NEW YORK — As quickly as Gap announced it would be selling $1 billion in convertible notes, Moody’s Investors Services and Standard & Poor’s said Wednesday they were junk.

Moody’s Wednesday assigned the new senior unsecured convertible notes a Ba3 rating, three notches below investment grade. S&P rated them BB+, the highest classification of non-investment grade obligations. Gap reported its intention to offer the notes Tuesday when it released its fourth-quarter and yearly results.

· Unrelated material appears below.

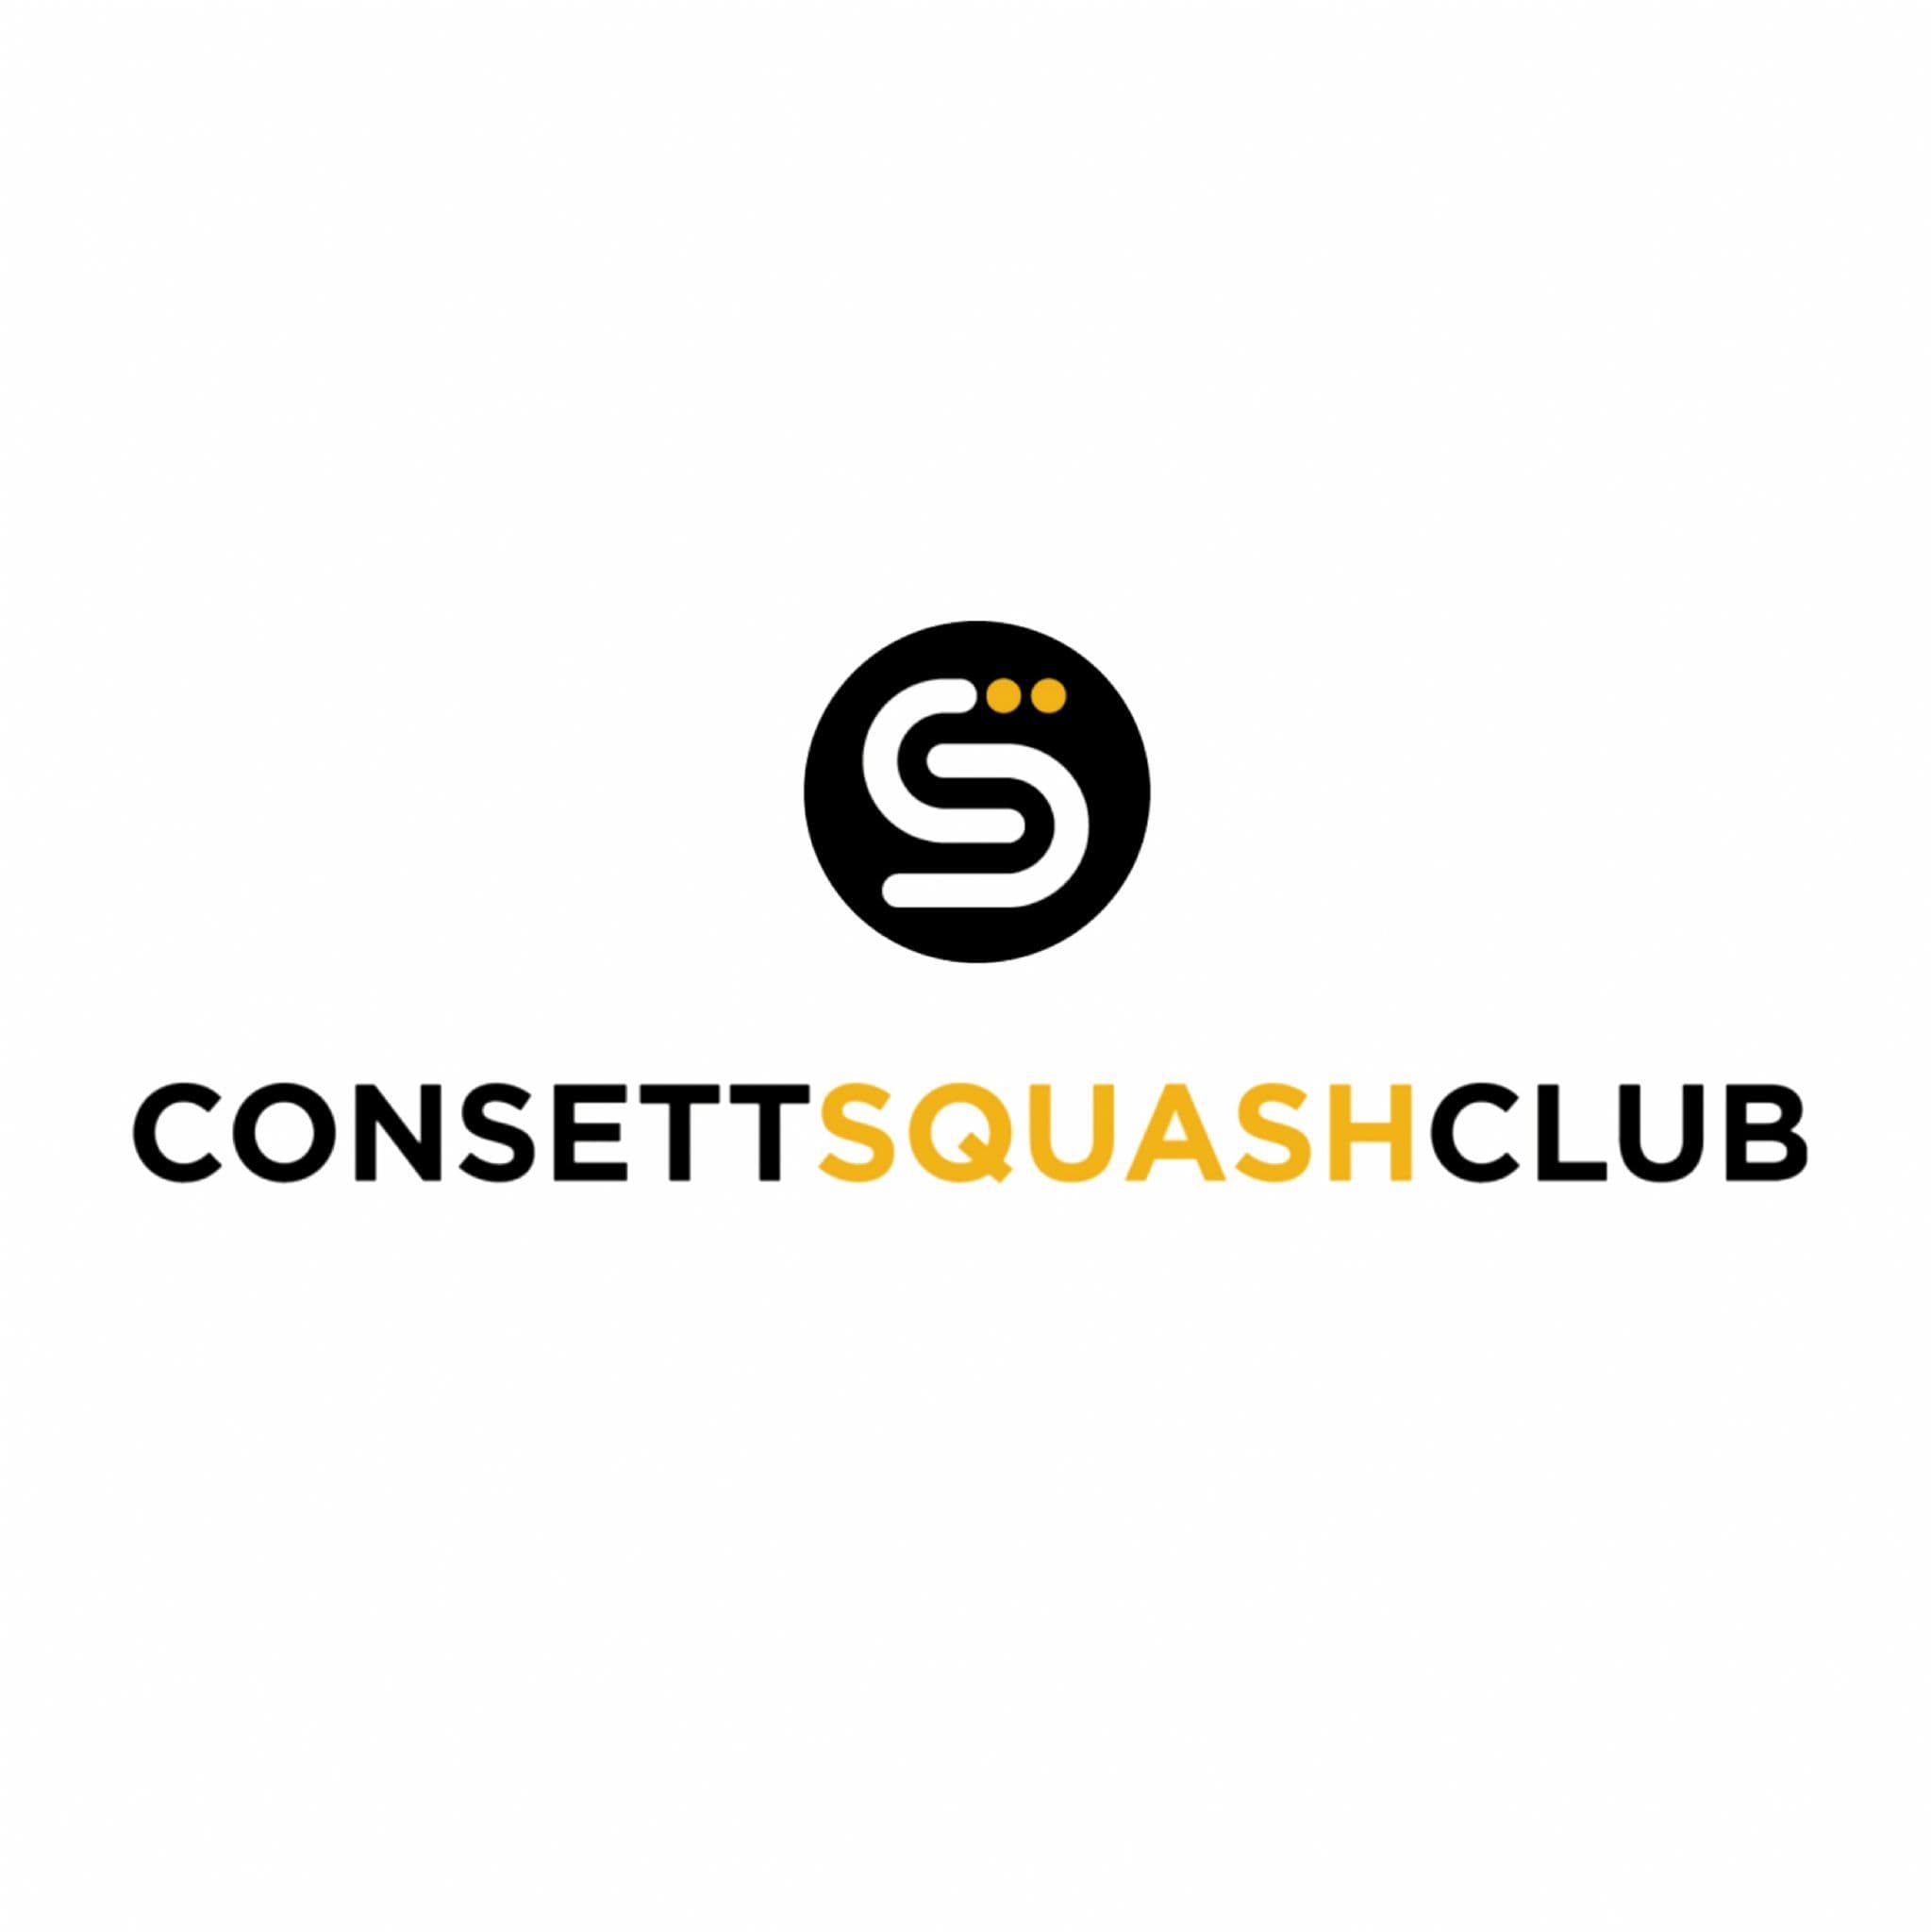 Consett Squash Club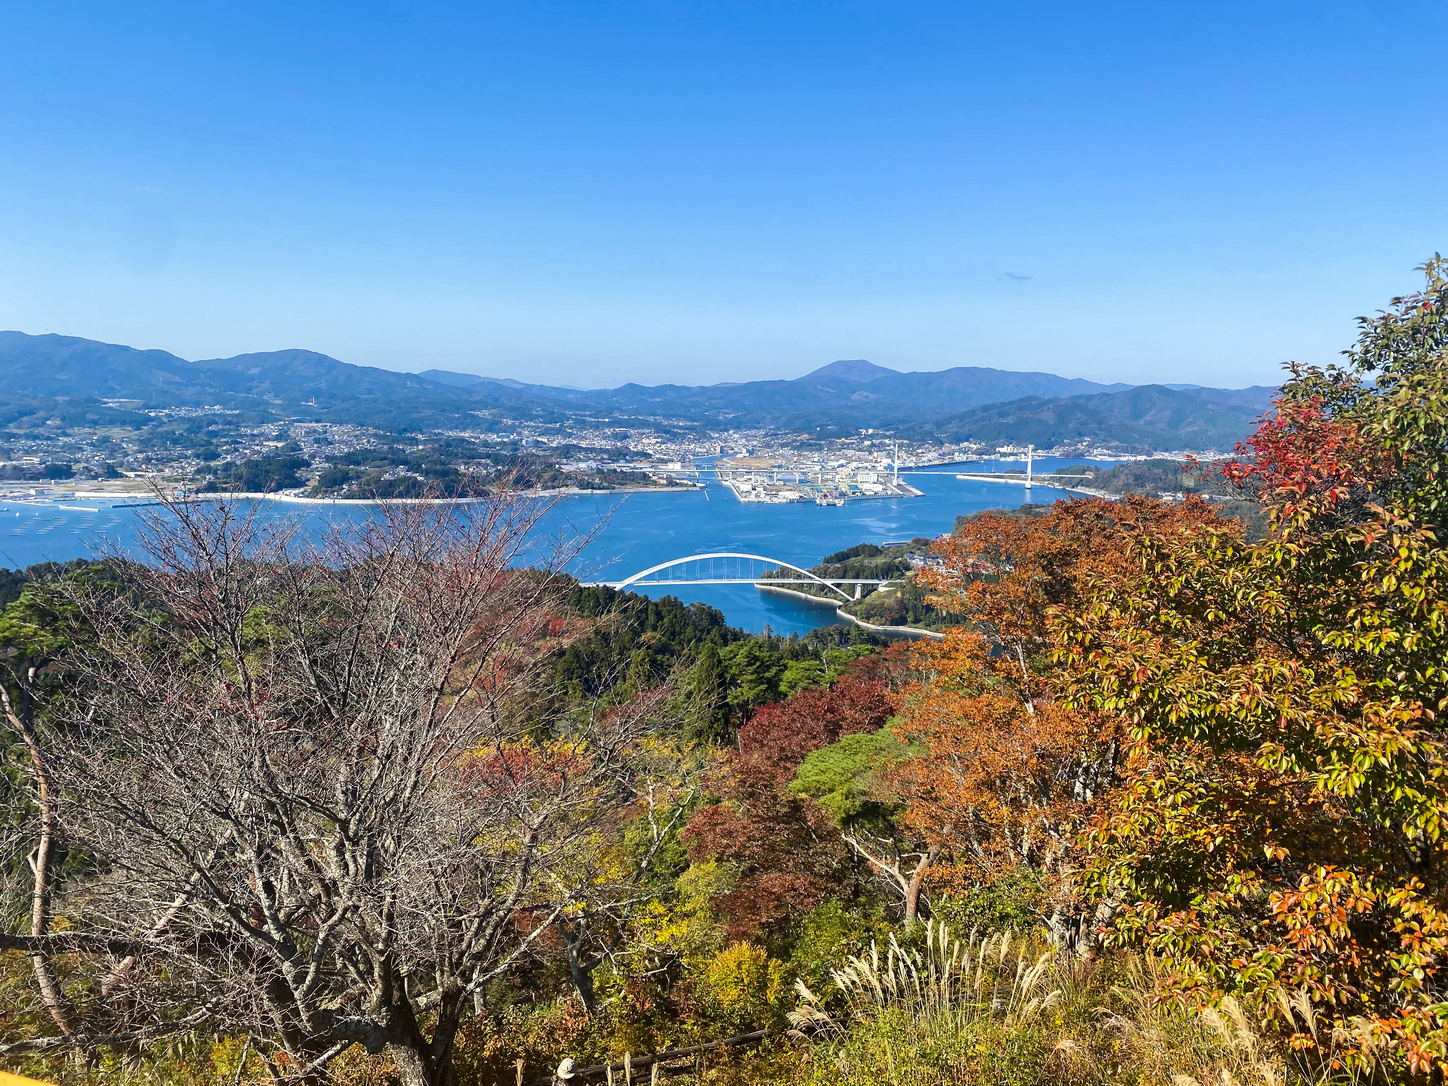 Tohoku Daytrip: Explore Kesennuma’s Oshima Island by Bicycle

Moody’s said the rating outlook is changed to stable from negative, reflecting the anticipation that comparable-store sales, profit margins and cash flow generation will not deteriorate further. Similarly, S&P noted Gap “has a significant opportunity to improve operating performance later in 2002, with margin improvement possibly driven by lower markdowns or increased sales.”

Gap said it ended the year with more than $800 million in cash and a total debt of about $2 billion, below the previous guidance of $2.2 billion. In addition, capital expenditures are expected to be about $400 million in 2002 versus $1 billion for 2001 and $1.8 billion in 2000 and below initial guidance of $600 million to $650 million for the current year. Expansion of square footage will be limited to about 3 percent this year, compared to 30 percent in 2000.

Based on strong demand, Gap’s notes are now expected to carry a 5.75 to 6 percent coupon and be convertible into Gap shares at a 25 to 30 percent premium over the shares’ price on the New York Stock Exchange at the time of sale. A 6 to 6.5 percent coupon and 22 to 25 percent premium had been expected.